• Problem to solve: Repeat every line of the material below exactly.

• Available records:
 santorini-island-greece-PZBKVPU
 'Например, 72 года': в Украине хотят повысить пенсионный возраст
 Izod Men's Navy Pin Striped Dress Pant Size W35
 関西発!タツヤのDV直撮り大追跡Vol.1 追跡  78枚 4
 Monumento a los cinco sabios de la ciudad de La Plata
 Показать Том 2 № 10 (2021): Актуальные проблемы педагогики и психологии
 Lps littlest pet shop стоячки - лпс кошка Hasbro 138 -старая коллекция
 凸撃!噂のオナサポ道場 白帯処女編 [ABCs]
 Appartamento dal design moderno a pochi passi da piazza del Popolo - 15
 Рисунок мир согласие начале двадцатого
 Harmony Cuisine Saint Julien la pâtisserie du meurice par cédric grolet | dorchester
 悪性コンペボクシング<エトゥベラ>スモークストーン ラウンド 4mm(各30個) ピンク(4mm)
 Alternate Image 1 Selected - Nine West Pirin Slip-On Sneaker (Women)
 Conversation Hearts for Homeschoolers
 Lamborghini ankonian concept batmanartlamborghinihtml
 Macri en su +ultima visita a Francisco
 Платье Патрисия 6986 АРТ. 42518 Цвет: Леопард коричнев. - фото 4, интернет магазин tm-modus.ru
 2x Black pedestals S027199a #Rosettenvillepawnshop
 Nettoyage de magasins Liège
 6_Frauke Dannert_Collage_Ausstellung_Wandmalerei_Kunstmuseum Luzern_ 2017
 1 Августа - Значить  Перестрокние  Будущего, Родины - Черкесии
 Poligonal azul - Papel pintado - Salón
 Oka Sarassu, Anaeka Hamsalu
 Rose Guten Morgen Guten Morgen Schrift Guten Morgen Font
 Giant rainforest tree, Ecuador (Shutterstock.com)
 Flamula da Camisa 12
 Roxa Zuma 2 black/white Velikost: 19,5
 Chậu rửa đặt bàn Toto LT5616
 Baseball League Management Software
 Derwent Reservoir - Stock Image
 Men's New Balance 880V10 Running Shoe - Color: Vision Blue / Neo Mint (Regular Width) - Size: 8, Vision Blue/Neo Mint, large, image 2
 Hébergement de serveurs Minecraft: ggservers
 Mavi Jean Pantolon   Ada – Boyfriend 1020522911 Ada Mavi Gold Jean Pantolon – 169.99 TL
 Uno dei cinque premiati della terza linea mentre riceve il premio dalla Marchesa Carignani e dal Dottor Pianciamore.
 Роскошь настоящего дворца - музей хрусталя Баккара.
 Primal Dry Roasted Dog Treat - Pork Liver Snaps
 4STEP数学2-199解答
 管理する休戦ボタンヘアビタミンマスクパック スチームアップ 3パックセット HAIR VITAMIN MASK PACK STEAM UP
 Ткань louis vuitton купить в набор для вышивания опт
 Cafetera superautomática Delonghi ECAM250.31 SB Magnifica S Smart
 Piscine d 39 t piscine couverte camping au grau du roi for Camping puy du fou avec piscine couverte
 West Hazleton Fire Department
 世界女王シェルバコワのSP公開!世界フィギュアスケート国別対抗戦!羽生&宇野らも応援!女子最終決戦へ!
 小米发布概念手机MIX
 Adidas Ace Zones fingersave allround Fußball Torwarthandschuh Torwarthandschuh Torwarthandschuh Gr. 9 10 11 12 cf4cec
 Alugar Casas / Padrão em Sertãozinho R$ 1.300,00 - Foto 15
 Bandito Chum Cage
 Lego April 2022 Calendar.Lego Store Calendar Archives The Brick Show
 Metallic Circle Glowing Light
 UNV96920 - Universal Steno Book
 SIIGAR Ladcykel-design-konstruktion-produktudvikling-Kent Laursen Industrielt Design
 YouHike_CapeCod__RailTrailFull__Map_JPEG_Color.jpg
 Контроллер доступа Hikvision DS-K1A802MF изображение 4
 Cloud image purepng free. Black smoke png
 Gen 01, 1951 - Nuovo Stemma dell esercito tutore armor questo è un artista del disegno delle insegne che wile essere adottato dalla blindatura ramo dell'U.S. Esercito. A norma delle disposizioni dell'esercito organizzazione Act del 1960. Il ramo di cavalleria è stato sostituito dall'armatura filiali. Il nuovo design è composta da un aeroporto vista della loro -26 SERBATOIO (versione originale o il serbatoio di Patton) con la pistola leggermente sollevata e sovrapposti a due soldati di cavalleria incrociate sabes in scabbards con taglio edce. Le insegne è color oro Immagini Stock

• Written solution:
 santorini-island-greece-PZBKVPU
 'Например, 72 года': в Украине хотят повысить пенсионный возраст
 Izod Men's Navy Pin Striped Dress Pant Size W35
 関西発!タツヤのDV直撮り大追跡Vol.1 追跡  78枚 4
 Monumento a los cinco sabios de la ciudad de La Plata
 Показать Том 2 № 10 (2021): Актуальные проблемы педагогики и психологии
 Lps littlest pet shop стоячки - лпс кошка Hasbro 138 -старая коллекция
 凸撃!噂のオナサポ道場 白帯処女編 [ABCs]
 Appartamento dal design moderno a pochi passi da piazza del Popolo - 15
 Рисунок мир согласие начале двадцатого
 Harmony Cuisine Saint Julien la pâtisserie du meurice par cédric grolet | dorchester
 悪性コンペボクシング<エトゥベラ>スモークストーン ラウンド 4mm(各30個) ピンク(4mm)
 Alternate Image 1 Selected - Nine West Pirin Slip-On Sneaker (Women)
 Conversation Hearts for Homeschoolers
 Lamborghini ankonian concept batmanartlamborghinihtml
 Macri en su +ultima visita a Francisco
 Платье Патрисия 6986 АРТ. 42518 Цвет: Леопард коричнев. - фото 4, интернет магазин tm-modus.ru
 2x Black pedestals S027199a #Rosettenvillepawnshop
 Nettoyage de magasins Liège
 6_Frauke Dannert_Collage_Ausstellung_Wandmalerei_Kunstmuseum Luzern_ 2017
 1 Августа - Значить  Перестрокние  Будущего, Родины - Черкесии
 Poligonal azul - Papel pintado - Salón
 Oka Sarassu, Anaeka Hamsalu
 Rose Guten Morgen Guten Morgen Schrift Guten Morgen Font
 Giant rainforest tree, Ecuador (Shutterstock.com)
 Flamula da Camisa 12
 Roxa Zuma 2 black/white Velikost: 19,5
 Chậu rửa đặt bàn Toto LT5616
 Baseball League Management Software
 Derwent Reservoir - Stock Image
 Men's New Balance 880V10 Running Shoe - Color: Vision Blue / Neo Mint (Regular Width) - Size: 8, Vision Blue/Neo Mint, large, image 2
 Hébergement de serveurs Minecraft: ggservers
 Mavi Jean Pantolon   Ada – Boyfriend 1020522911 Ada Mavi Gold Jean Pantolon – 169.99 TL
 Uno dei cinque premiati della terza linea mentre riceve il premio dalla Marchesa Carignani e dal Dottor Pianciamore.
 Роскошь настоящего дворца - музей хрусталя Баккара.
 Primal Dry Roasted Dog Treat - Pork Liver Snaps
 4STEP数学2-199解答
 管理する休戦ボタンヘアビタミンマスクパック スチームアップ 3パックセット HAIR VITAMIN MASK PACK STEAM UP
 Ткань louis vuitton купить в набор для вышивания опт
 Cafetera superautomática Delonghi ECAM250.31 SB Magnifica S Smart
 Piscine d 39 t piscine couverte camping au grau du roi for Camping puy du fou avec piscine couverte
 West Hazleton Fire Department
 世界女王シェルバコワのSP公開!世界フィギュアスケート国別対抗戦!羽生&宇野らも応援!女子最終決戦へ!
 小米发布概念手机MIX
 Adidas Ace Zones fingersave allround Fußball Torwarthandschuh Torwarthandschuh Torwarthandschuh Gr. 9 10 11 12 cf4cec
 Alugar Casas / Padrão em Sertãozinho R$ 1.300,00 - Foto 15
 Bandito Chum Cage
 Lego April 2022 Calendar.Lego Store Calendar Archives The Brick Show
 Metallic Circle Glowing Light
 UNV96920 - Universal Steno Book
 SIIGAR Ladcykel-design-konstruktion-produktudvikling-Kent Laursen Industrielt Design
 YouHike_CapeCod__RailTrailFull__Map_JPEG_Color.jpg
 Контроллер доступа Hikvision DS-K1A802MF изображение 4
 Cloud image purepng free. Black smoke png
 Gen 01, 1951 - Nuovo Stemma dell esercito tutore armor questo è un artista del disegno delle insegne che wile essere adottato dalla blindatura ramo dell'U.S. Esercito. A norma delle disposizioni dell'esercito organizzazione Act del 1960. Il ramo di cavalleria è stato sostituito dall'armatura filiali. Il nuovo design è composta da un aeroporto vista della loro -26 SERBATOIO (versione originale o il serbatoio di Patton) con la pistola leggermente sollevata e sovrapposti a due soldati di cavalleria incrociate sabes in scabbards con taglio edce. Le insegne è color oro Immagini Stock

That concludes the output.